President Bush and First Lady Laura Bush got in the way of Soul Food Thursday on the campus of Howard University last week, causing further resentment of the Commander in Chief among students at the Washington HBCU.

The Bushes were there to attend a summit on at-risk youth at the school’s Blackburn Center, and as such, Secret Service put the whole school on lockdown. Classes and tests were canceled and many buildings, including the dining hall in the Blackburn Center hosting Soul Food Thursday, were closed. This meant no fried chicken, no macaroni and cheese, no collard greens and no cornbread.

Many students began to protest the denied access to parts of their own university.
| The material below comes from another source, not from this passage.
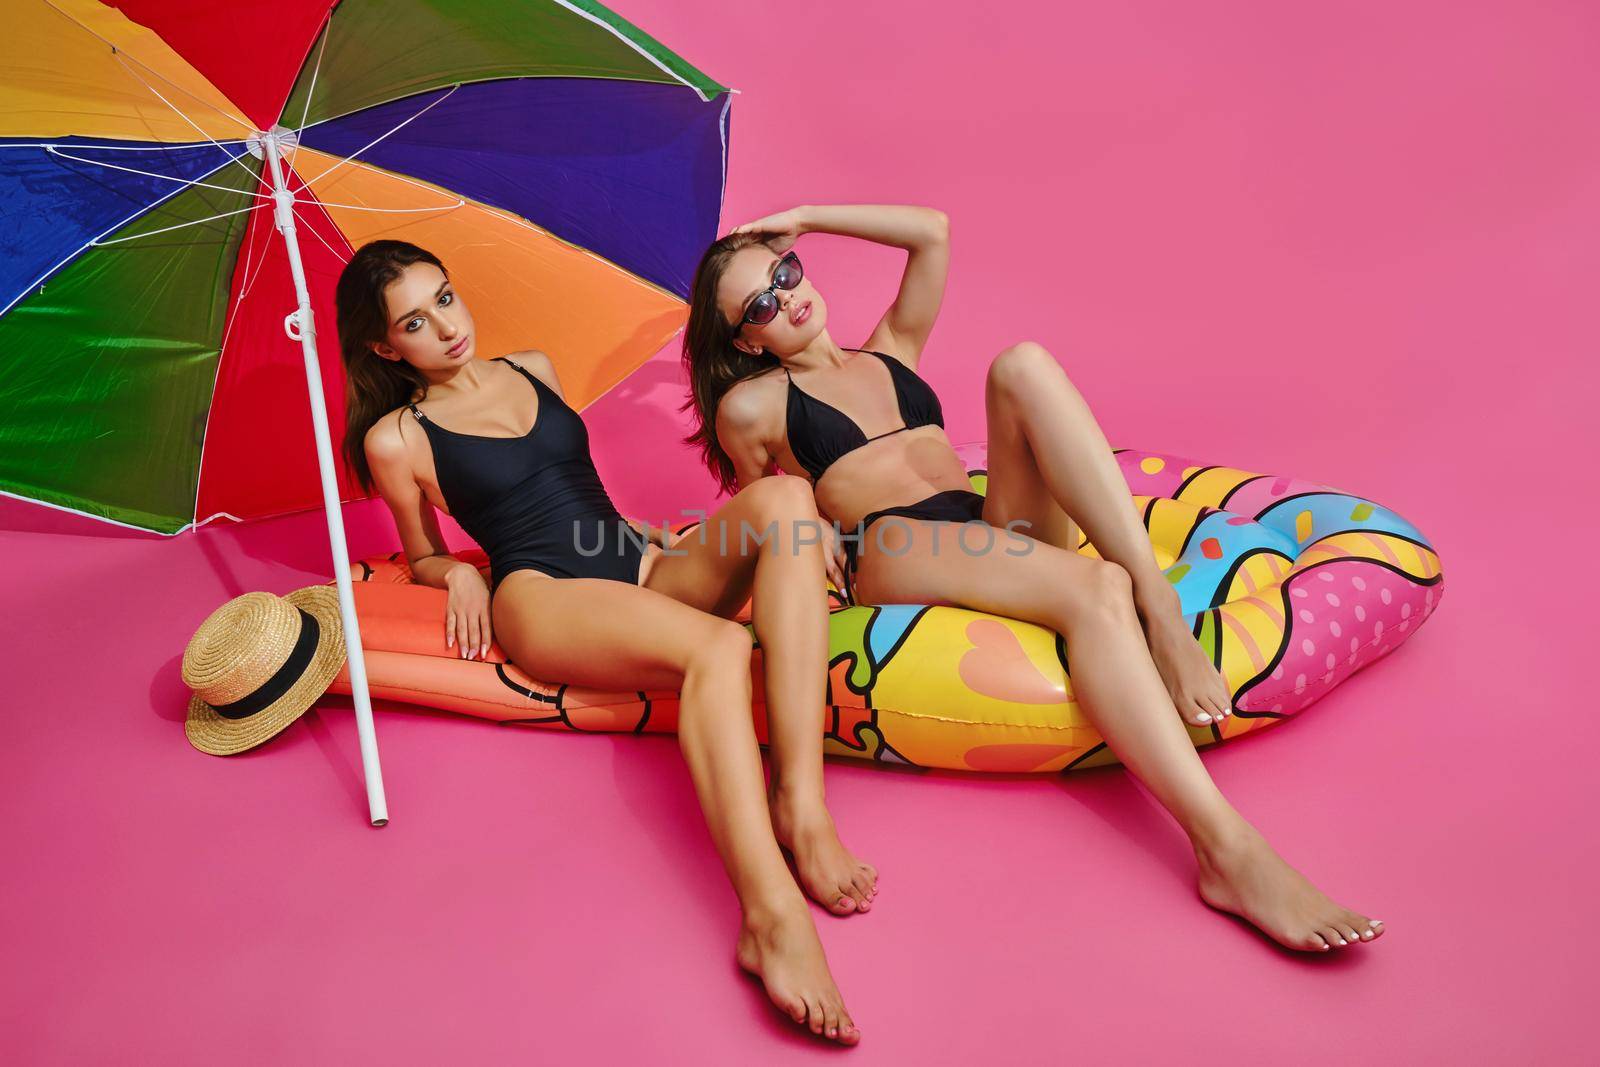 Two attractive carefree girls wearing black bathing suits sitting on colorful air floating mattress under large sun umbrella. Dreams of beach vacation concept. Studio portrait on pink background

They locked arms around a flagpole in the Quadrangle and refused to be moved, despite threats from the Secret Service that snipers were at the ready on rooftops.

Adding insult to injury, students also said university police interfered with a television news crew trying to interview students and shoot video of the student protests. The crew was reportedly asked to leave campus.

(via WaPo, How Bush Visit Became the Siege Of Howard U.)
You'd have thought Howard had taken a page right out of the Bush administration playbook on quashing First Amendment freedoms. In a letter posted the day before on a university Web site, President H. Patrick Swygert wrote that, having notified the campus via e-mail in July, he was sending a reminder of the Bush visit. But students complained that they hadn't seen either message and criticized school officials and the Bush administration for poor planning.
The Republican Party is trying hard to win over black voters before the midterm elections, and Maryland Lt. Gov. Michael Steele needs the support of black Democrats in his bid to become the first black Republican in the U.S. Senate since Howard alumnus Edward Brooke of Massachusetts (1967-1979). So one thing Bush didn't want was a ruckus during a visit to Howard.

All he had to do was drop in on Soul Food Thursday, be seen sharing a wing and some collard greens with students -- and score one for the GOP.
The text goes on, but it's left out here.